Hey Guys, I am new to this forum and thought my first post would be of an issue I had yesterday when pulling my 84 Smoker Craft out of the Reservior... I was cranking her up and the Bow Eye snapped right off. The boat is older, and I thought it'd still be simple to find a replacement, but no such luck so far! Does anyone know where I should look to find one of these for my boat?? I can't seem to find the V-shaped style that was originally on there anywhere I look.. alll I can find are the 2-bolt style, and mine has 4. Frustrating since she's sitting crooked on the trailer and I know it's gotta be a cheap part!

Any help would he greatly appreciated!!


----------



## J.P. (Aug 13, 2012)

welcome to tinboats!

looks like it's made from cast iron or aluminum, those are brittle. i don't know where you could buy an original nor would i recommend it since it's brittle (i know, i know, the original lasted for many years, but it would suck if it breaks again many years from now.....). 
i think you should replace it with stainless steel. it appears to be an easy fab job using SS angle with the eye welded along the corner, drill 4 holes and bolt it on ( i won't trust a rivet for this purpose)...

the simplest option is to drill 2 holes for a U-bolt, and patch up the old rivet holes....


----------



## sawmill (Aug 14, 2012)

I would leave the old eye on the boat and saw the eye off this bracket. You can get a crome U bolt at a boat supply and use this by drilling new holes thru the old bracket and thru the boat to mount the new eye. Much easier than riveting one to the boat.


----------



## BillG (Aug 22, 2012)

I had to make this exact repair on my 18' sylvan.

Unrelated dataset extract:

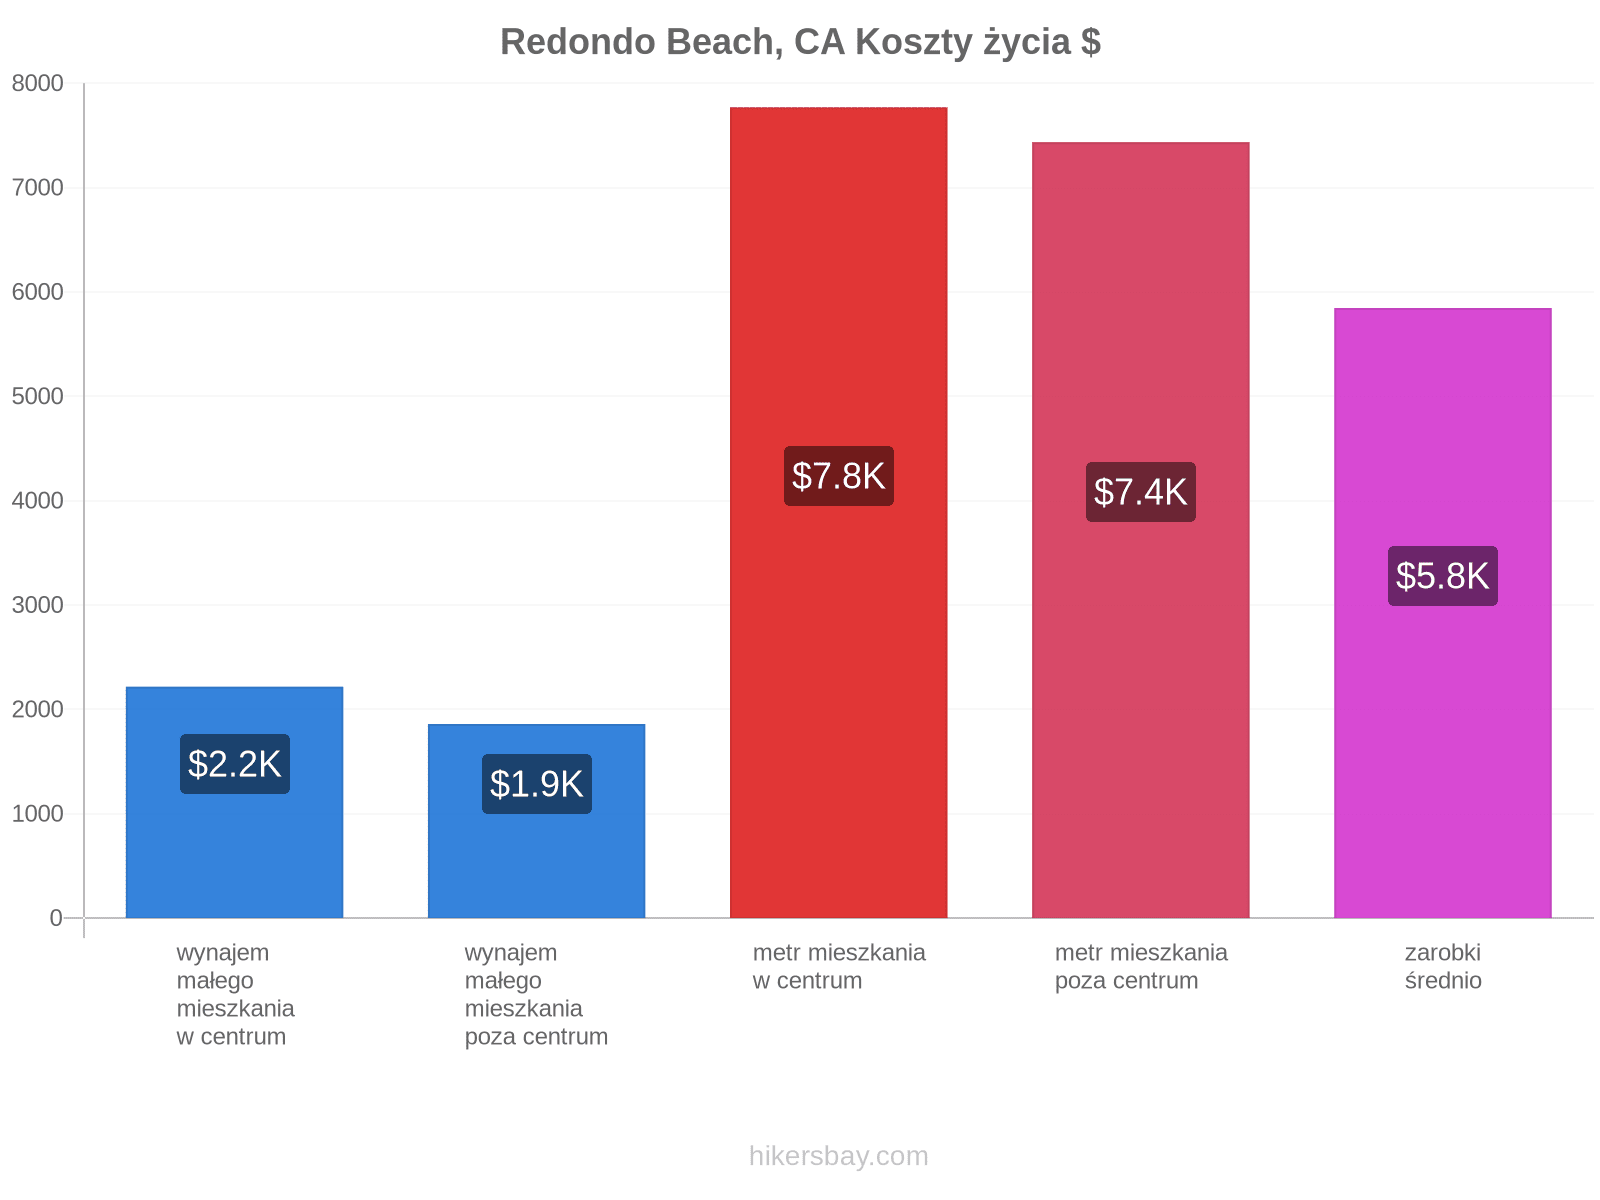 Redondo Beach, CA koszty życia hikersbay.com

Drill the rivets out and patch the holes. I used stainless steel pan head bolts and sealed them over with water weld. 

Get a 3/8" by 2" or whatever size stainless steel u-bolt you want to use. Hold the u-bolt on the center of the V and mark where you need to drill. Drill two 3/8" holes and insert u-bolt. I added about ten washers to each stud and bolted. It is a good idea to add some sort of backer to prevent eye from pulling thru. I also sealed around bow eye with the water weld.

I cranked the boat about 12" on the bunks out of water and it held fine. This is on an 18' deep v aluminum open bow with a 125 hp motor and 12 gal. gas.


----------